** Supplied material follows **

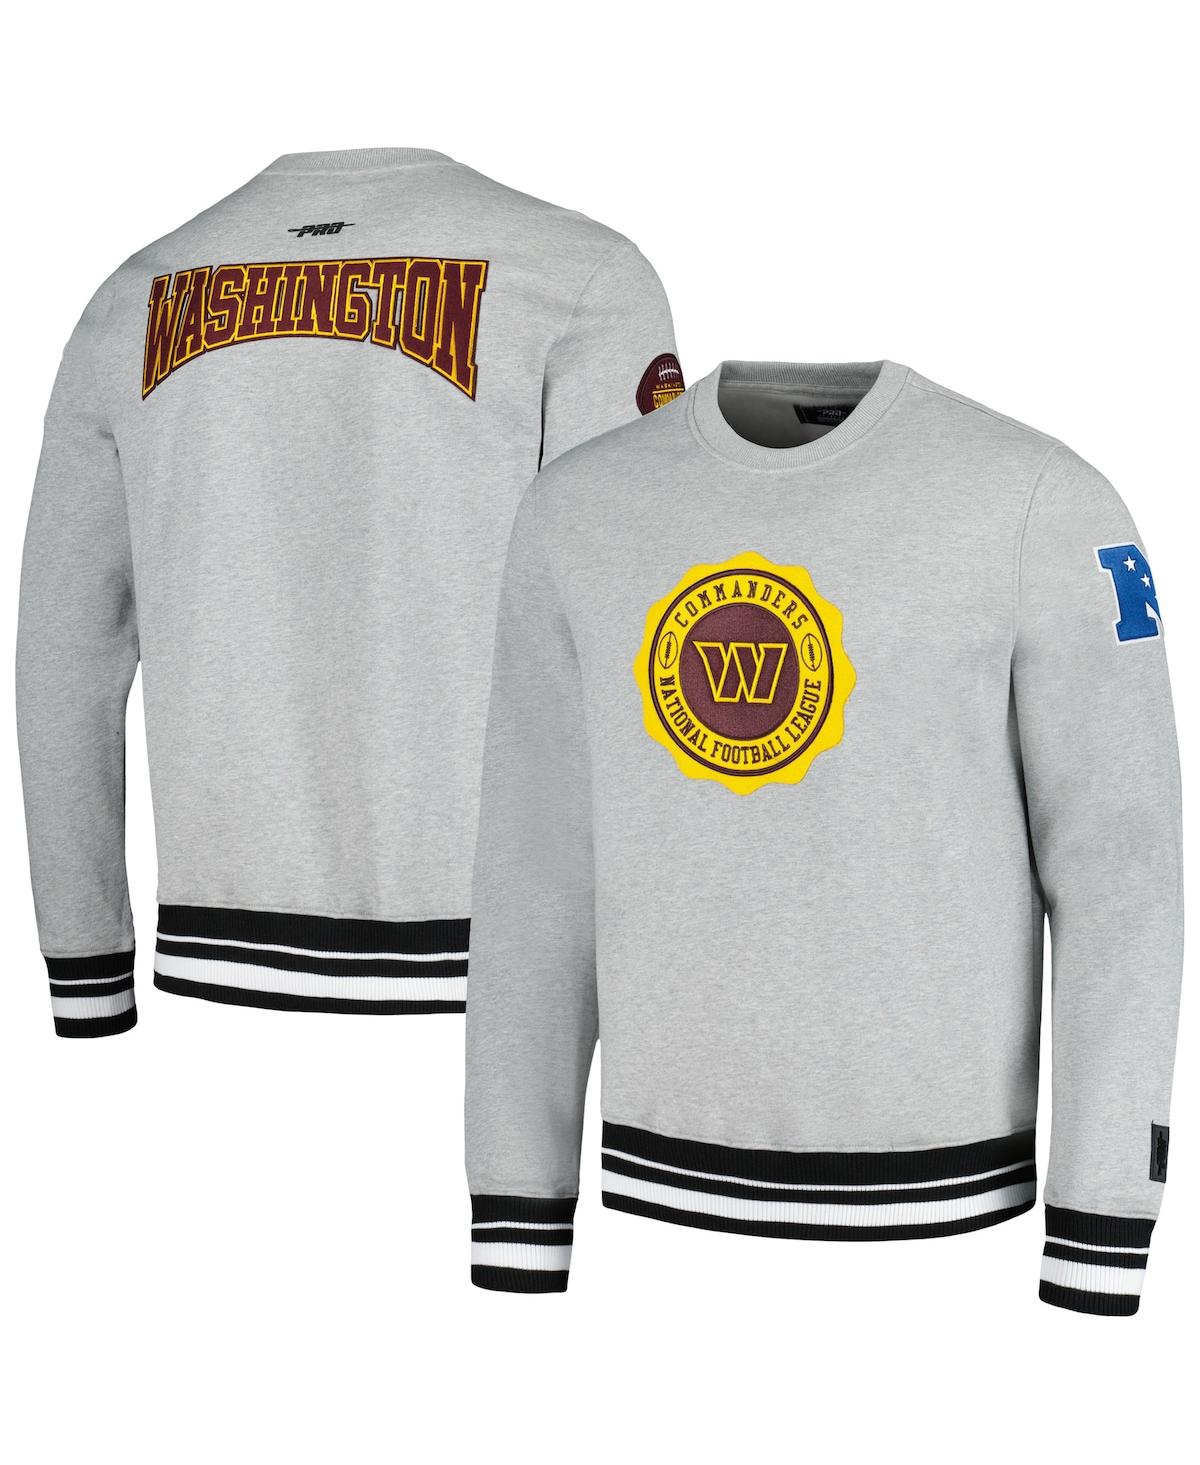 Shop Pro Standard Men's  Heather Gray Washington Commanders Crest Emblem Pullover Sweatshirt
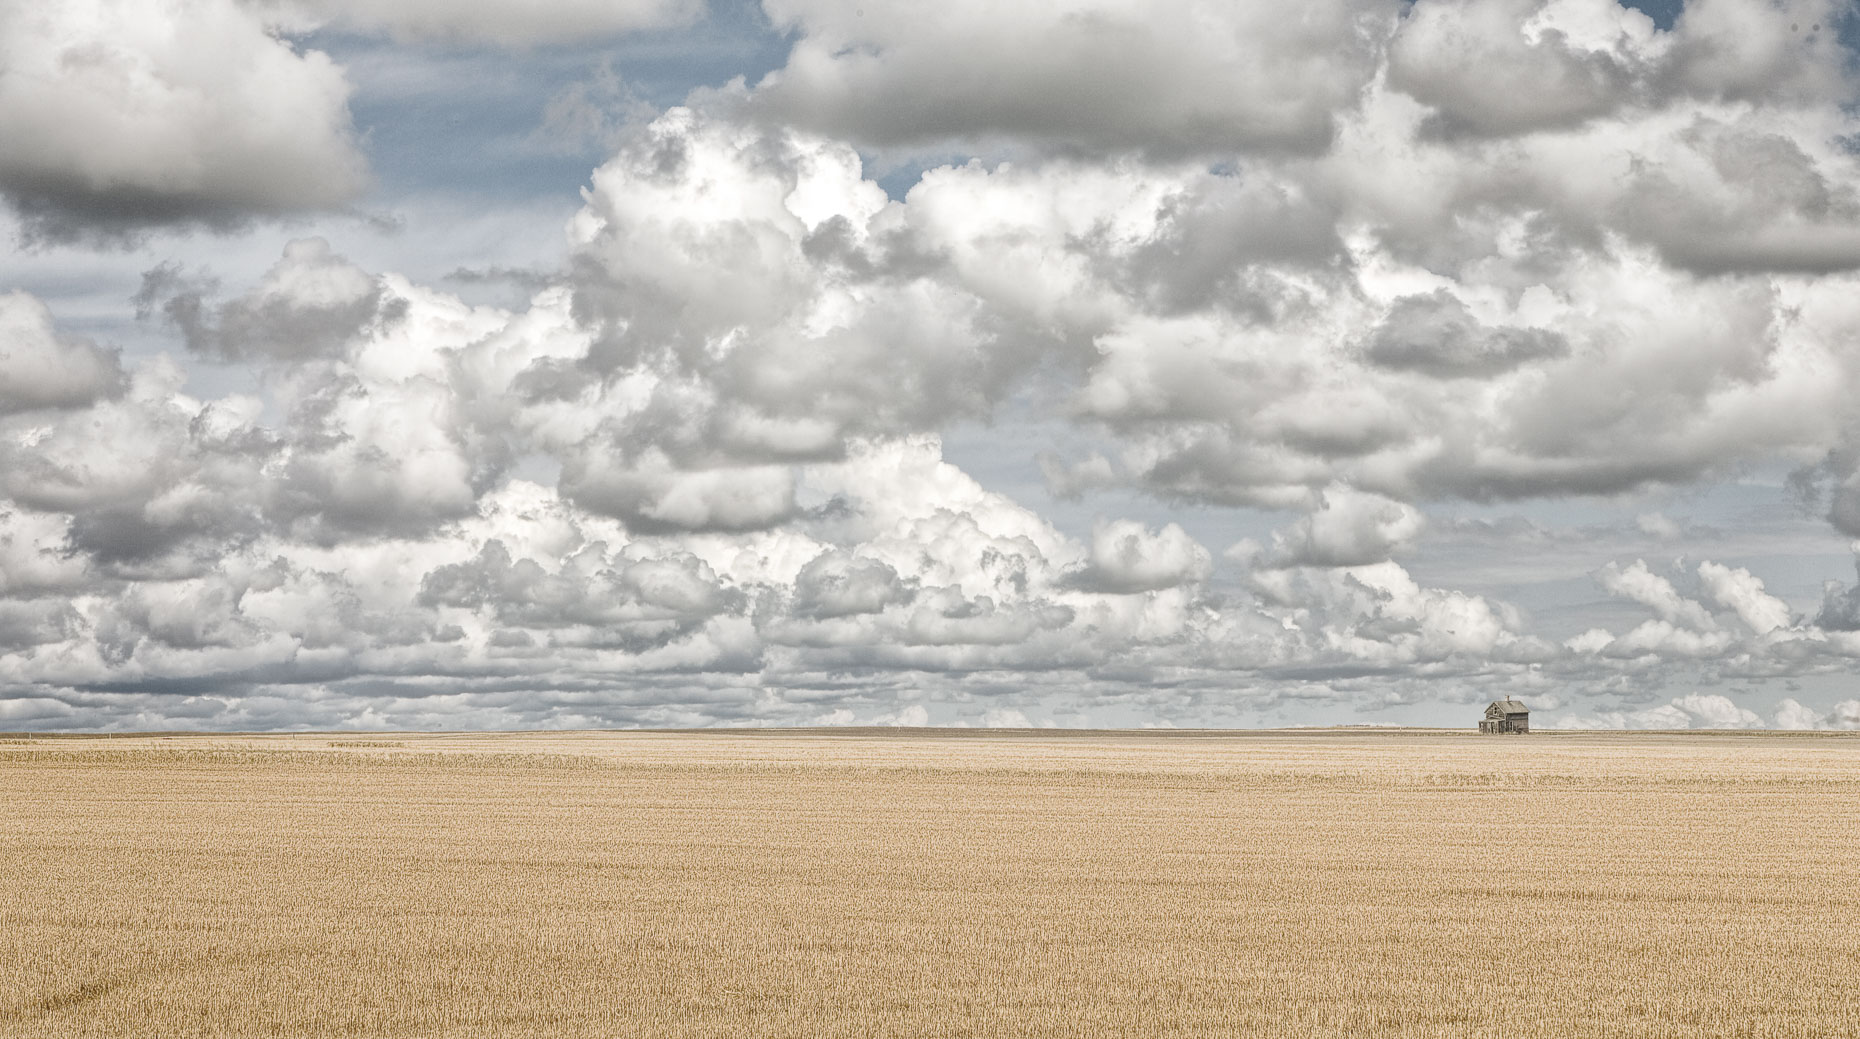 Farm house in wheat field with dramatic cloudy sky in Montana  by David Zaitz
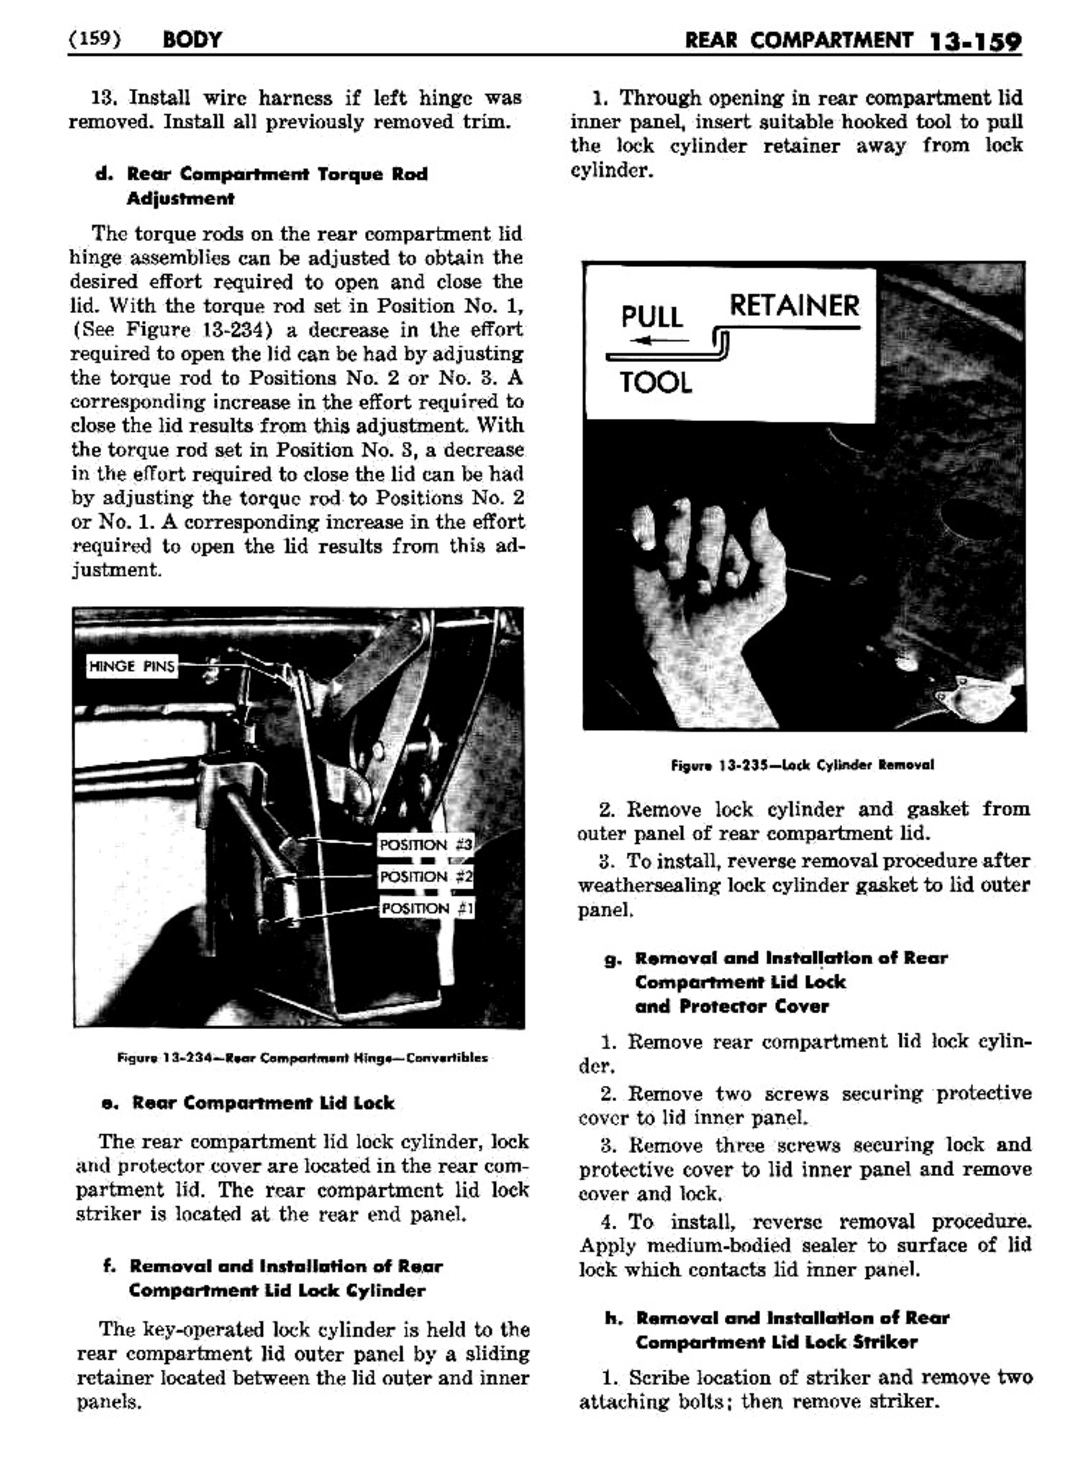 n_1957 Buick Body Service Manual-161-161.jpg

** End of Supplied material **

Line by line, give the material above again exactly, but without any pictures.

 Shop Pro Standard Men's  Heather Gray Washington Commanders Crest Emblem Pullover Sweatshirt
 Farm house in wheat field with dramatic cloudy sky in Montana  by David Zaitz
 n_1957 Buick Body Service Manual-161-161.jpg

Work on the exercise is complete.